# Work to complete
Where a picture occurs in the data, omit it, and copy all remaining data exactly.

# Data section
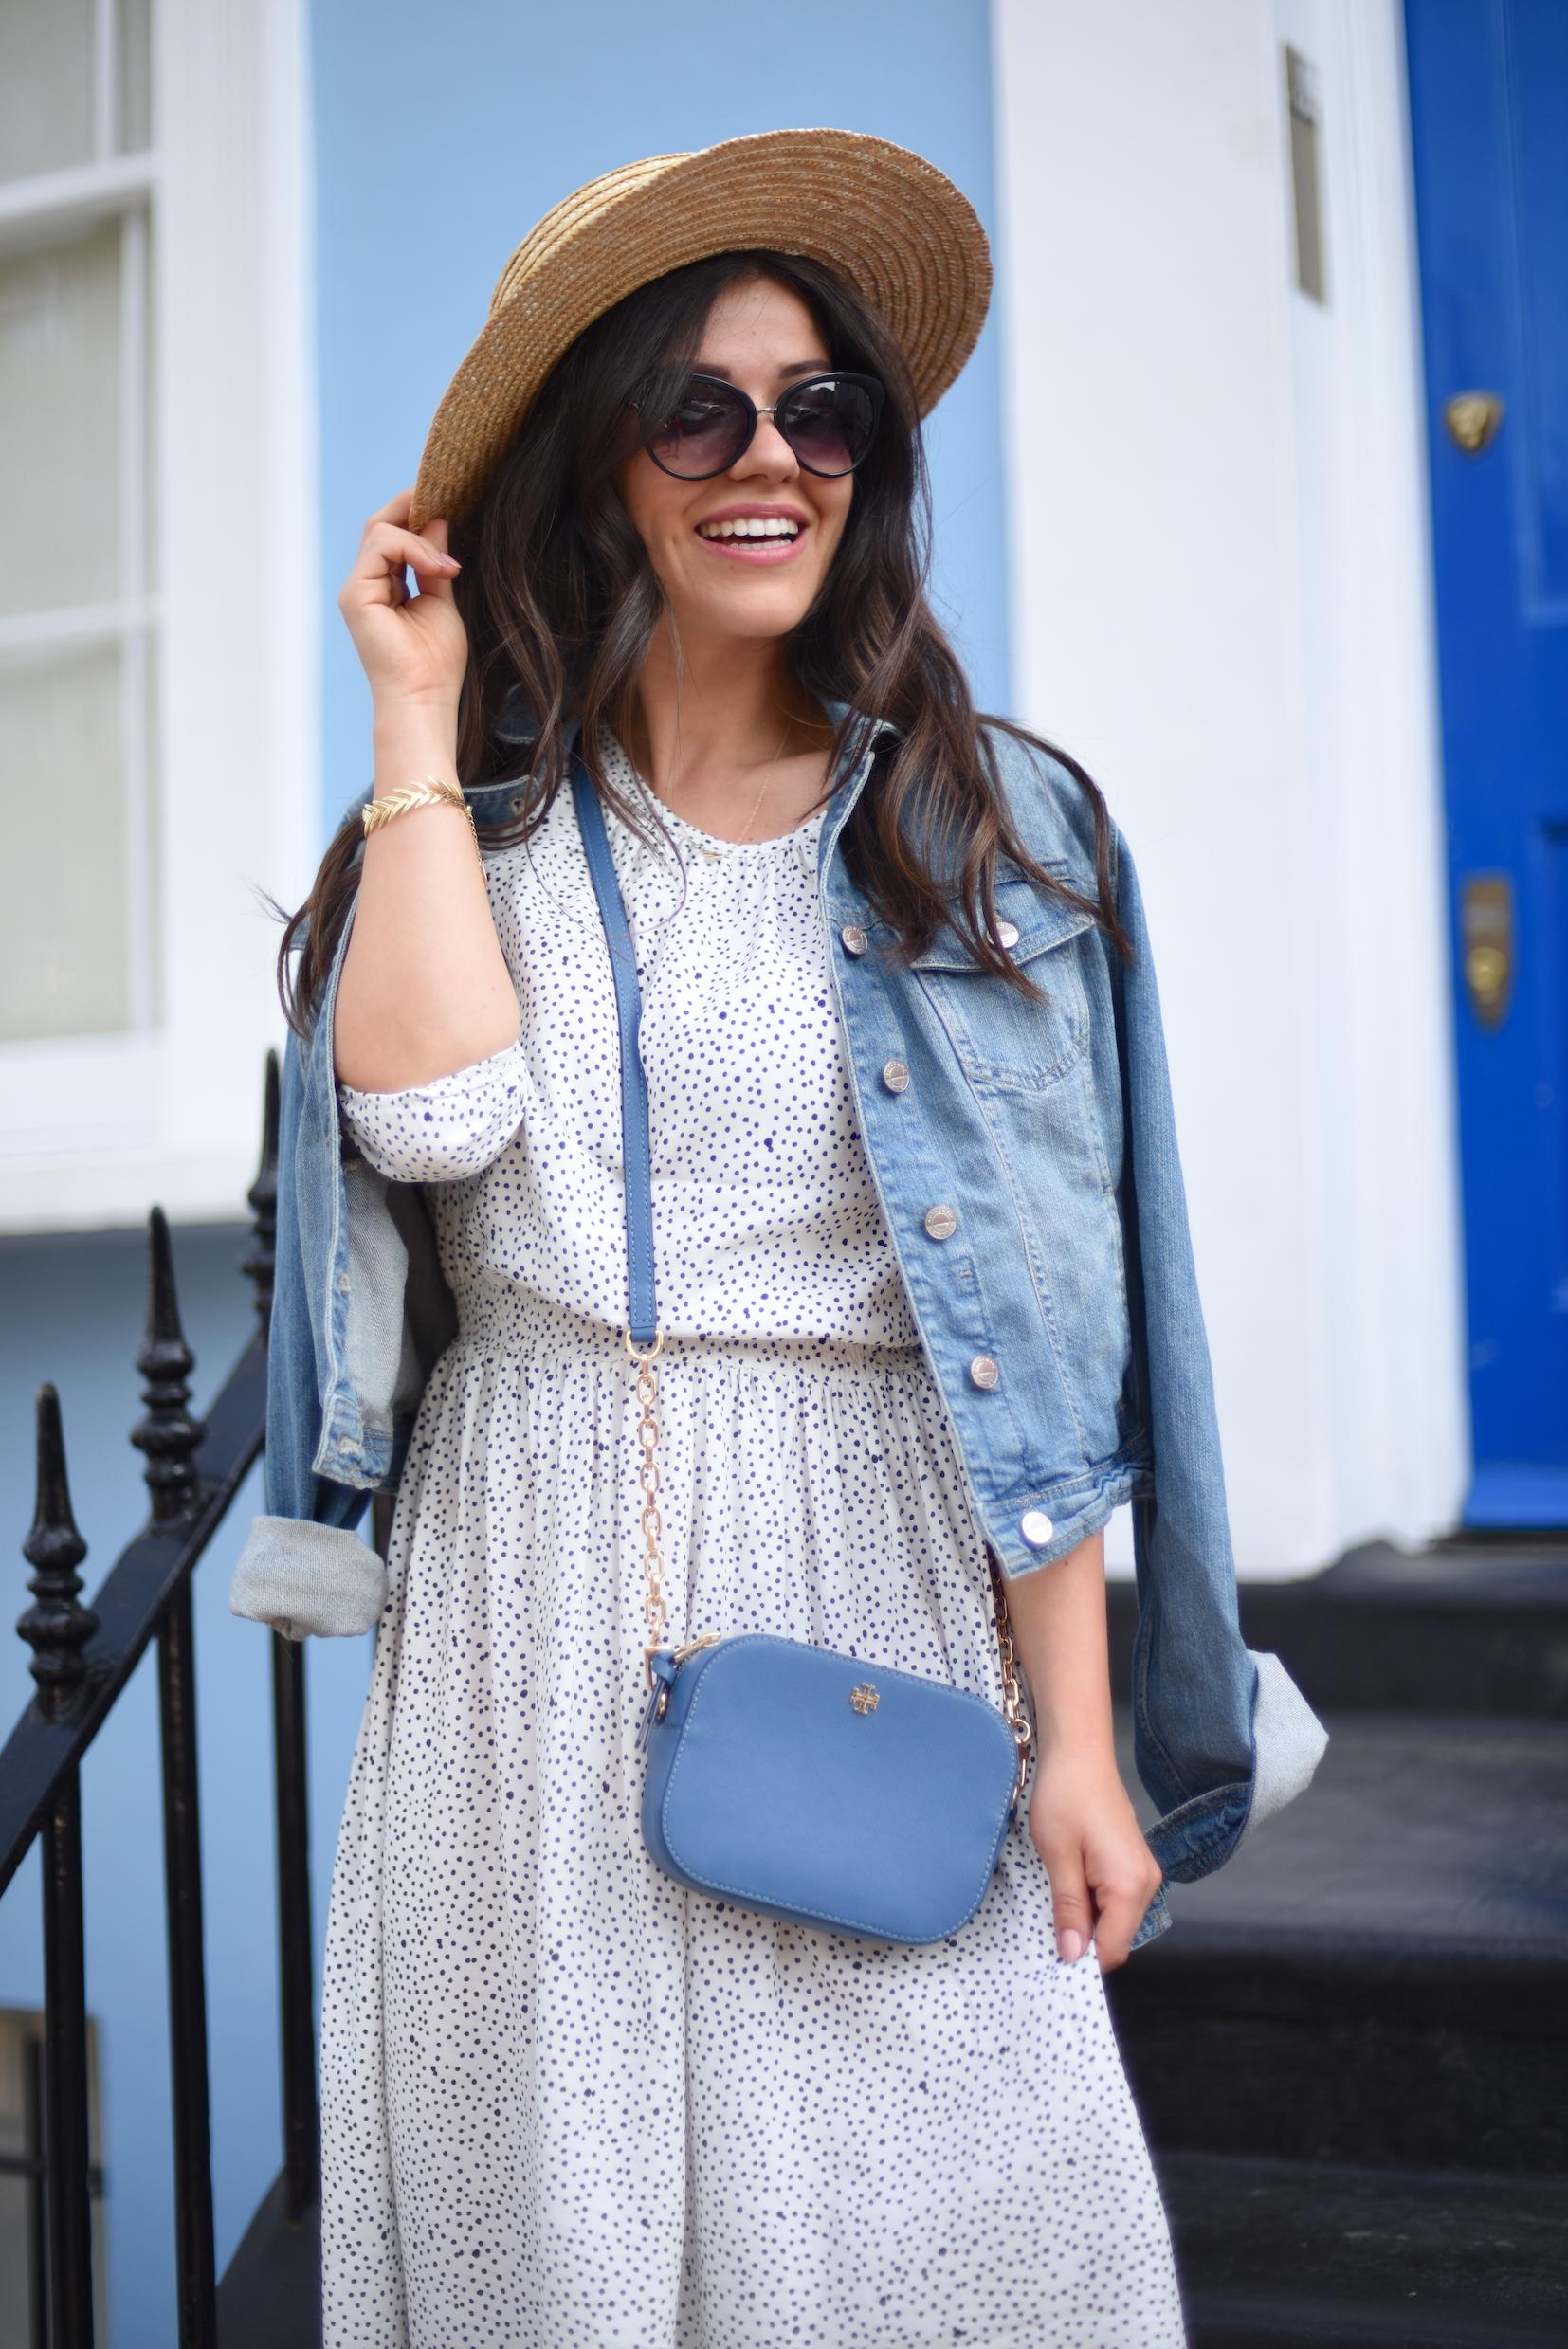 fashionelka londyn zwiedzanie
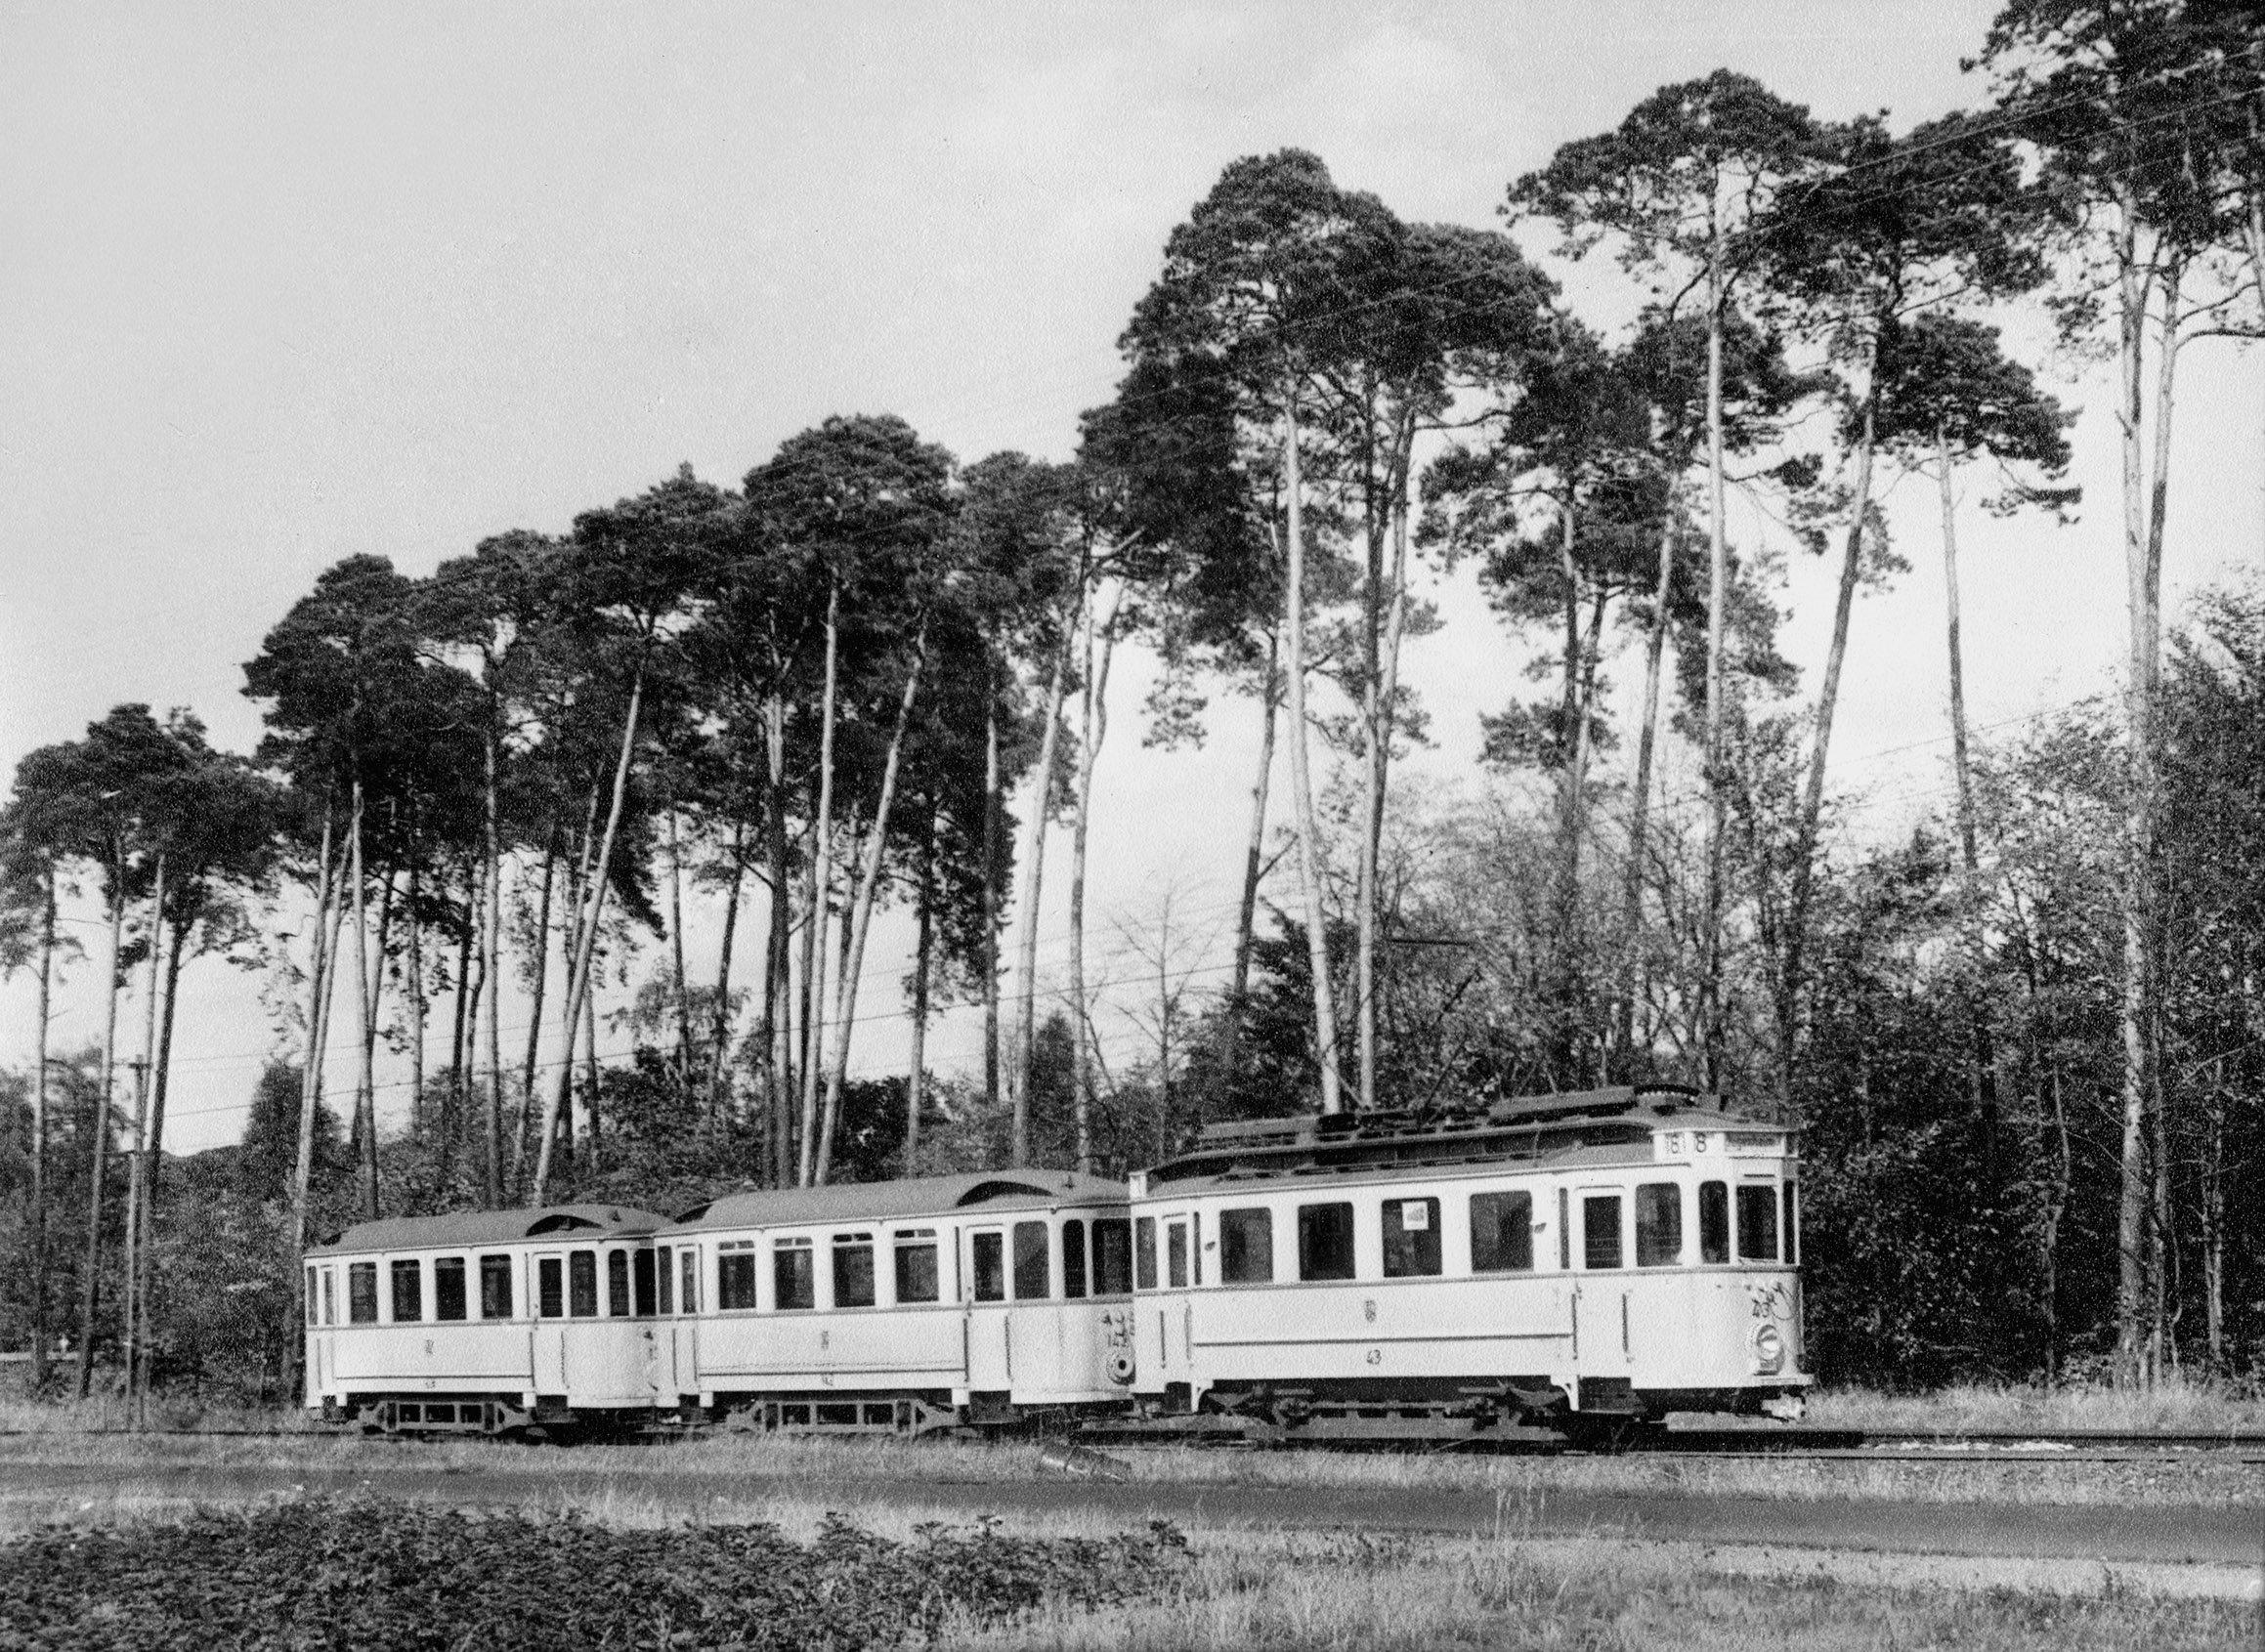 Rund 50 Jahre war der Drei-Wagen-Zug von 1914 im Einsatz. Hier zwischen Eberstadt und Malchen. © Sammlung Hartmut Massoth
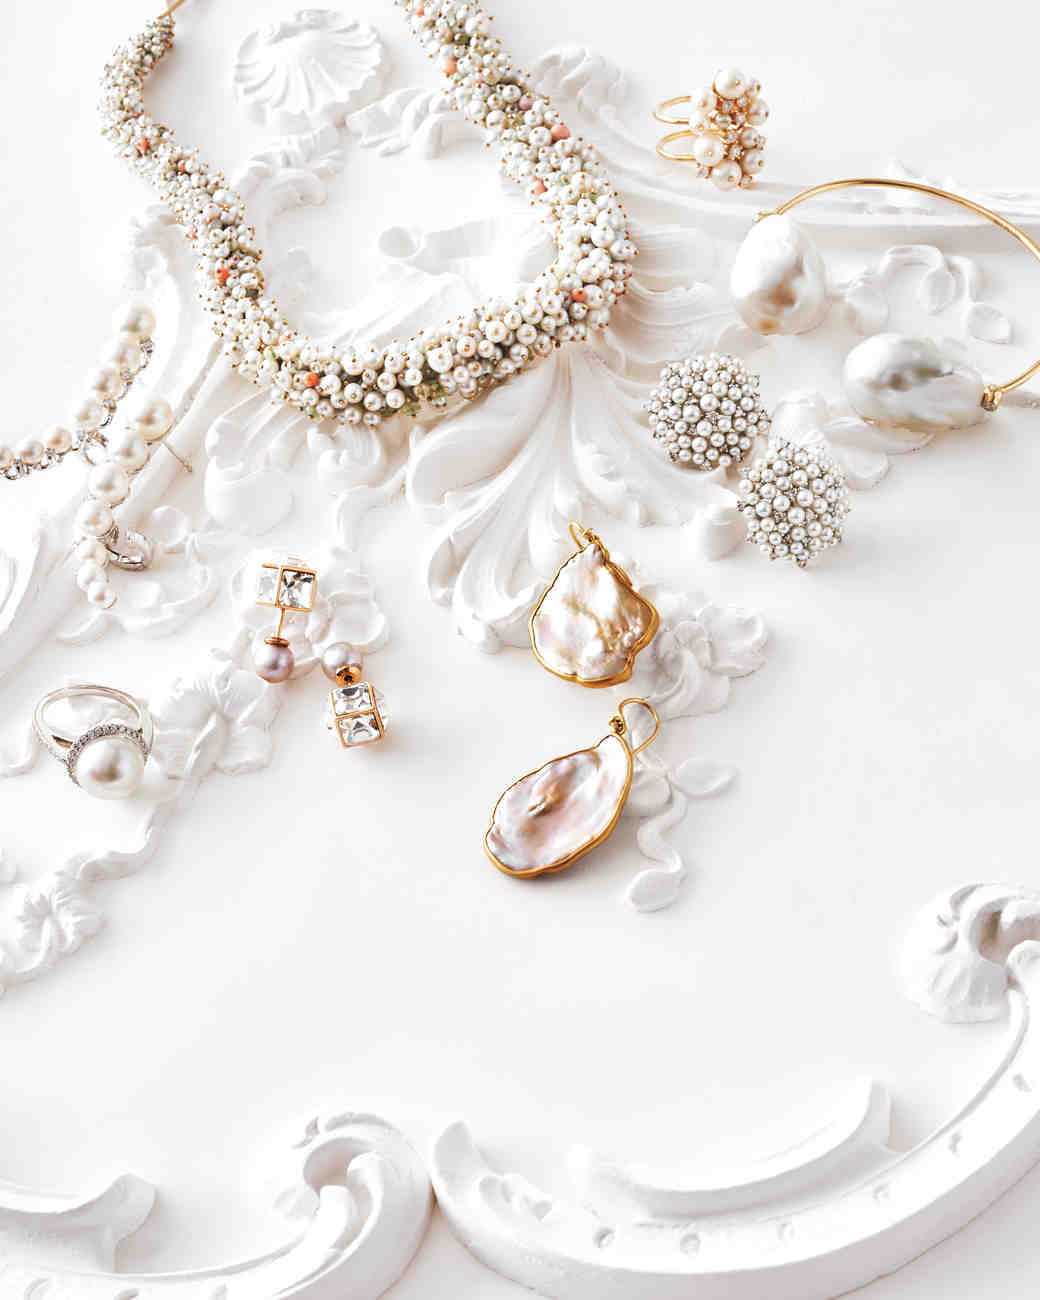 jewelry-02-d112492.jpg

# Task result
 fashionelka londyn zwiedzanie
 Rund 50 Jahre war der Drei-Wagen-Zug von 1914 im Einsatz. Hier zwischen Eberstadt und Malchen. © Sammlung Hartmut Massoth
 jewelry-02-d112492.jpg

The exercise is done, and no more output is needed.